With the cyber security landscape changing drastically, security executives and actuaries have for the last few years been trying to figure out if there is a viable business model in which, given the right conditions, both sides can find a mutually beneficial value proposition.
This paper is an interesting study on a contract design problem where both insurers and organizations benefit in an interdependent security ecosystem with risk-averse organizations opting to buy cyber insurance. The insurers benefit because of the variance in security hygiene across enterprises and also through risk assessments as part of the prescreening that identifies areas in which organizations have to improve in order to buy coverage. As a result, the organization also ends up improving its security program and gains better assurance on the overall cyber security risk profile.
While the simulations and proofs are present in an online appendix, the paper shares key theorems for various combinations considered during the development of the model.
The explanation of various other efforts that this work builds upon, although brief, is helpful for a new researcher or an industry practitioner exploring the subject for real-life applications. However, it should be noted that the work described in the paper is far from ready for experimentation or adoption by insurers. The generalizations, especially around comprehensive and accurate measurements of security posture, are theoretical.
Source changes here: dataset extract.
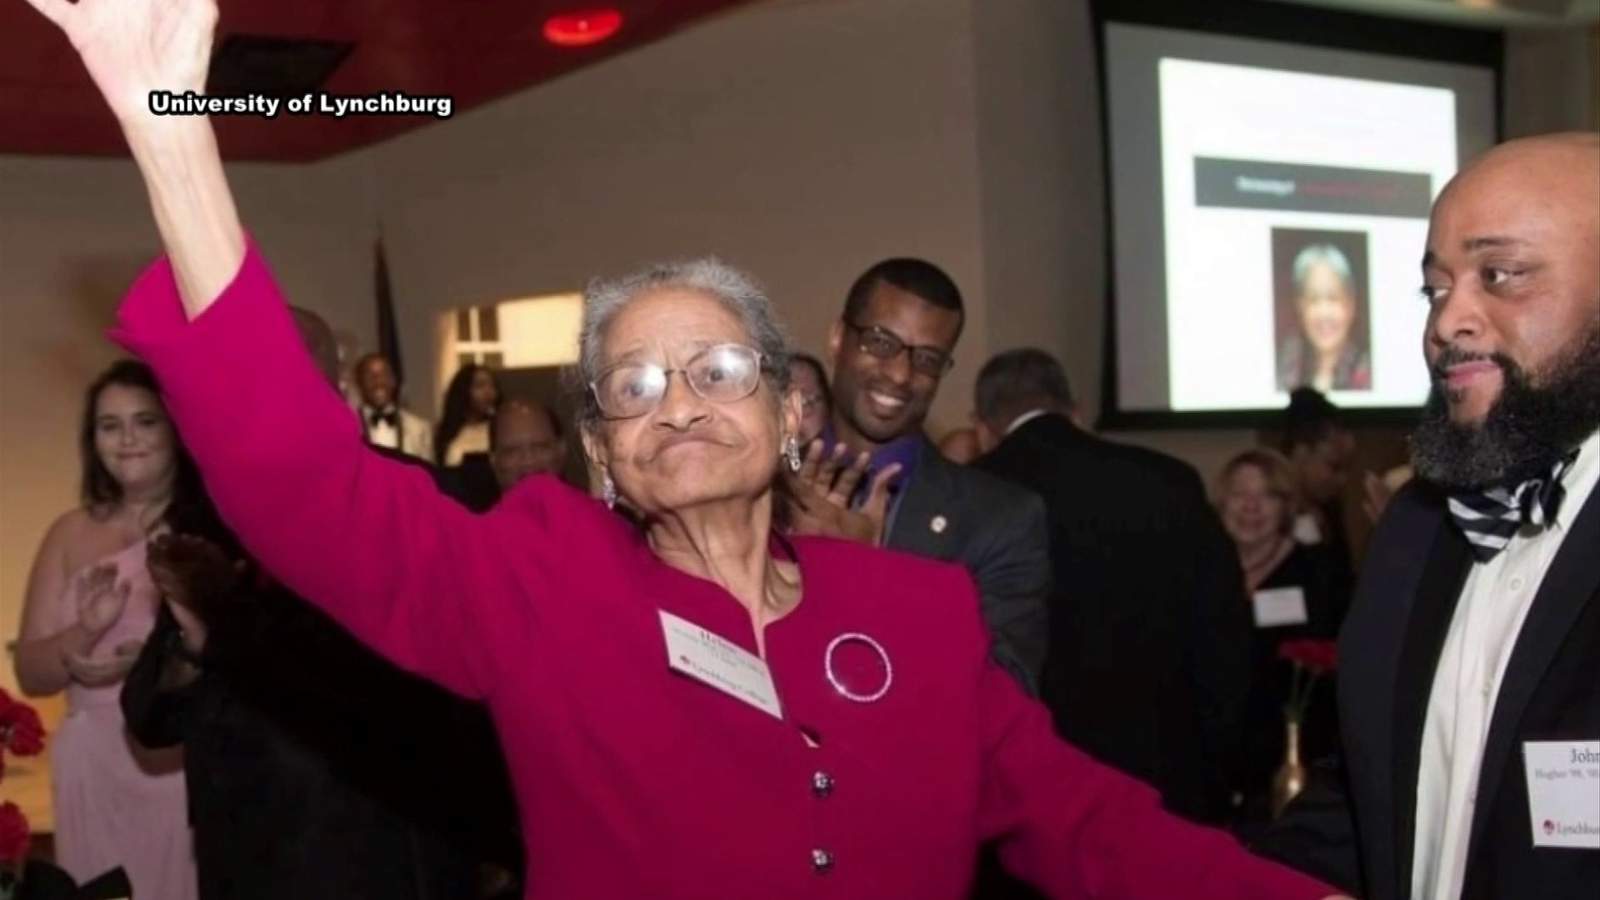 ‘Legacy of perseverance’: University of Lynchburg’s first Black graduate dies at 88

Even with artificial intelligence/machine learning (AI/ML) there is wide agreement that security is not an exact science and measuring it is much more nuanced than it appears.
The model’s strengths lie in its consideration of risk-neutral as well as risk-averse organizations and in formulating the interdependence aspects of the industry.
While more needs to be done, this work is clearly a step forward in addressing a key requirement of key stakeholders in the industry.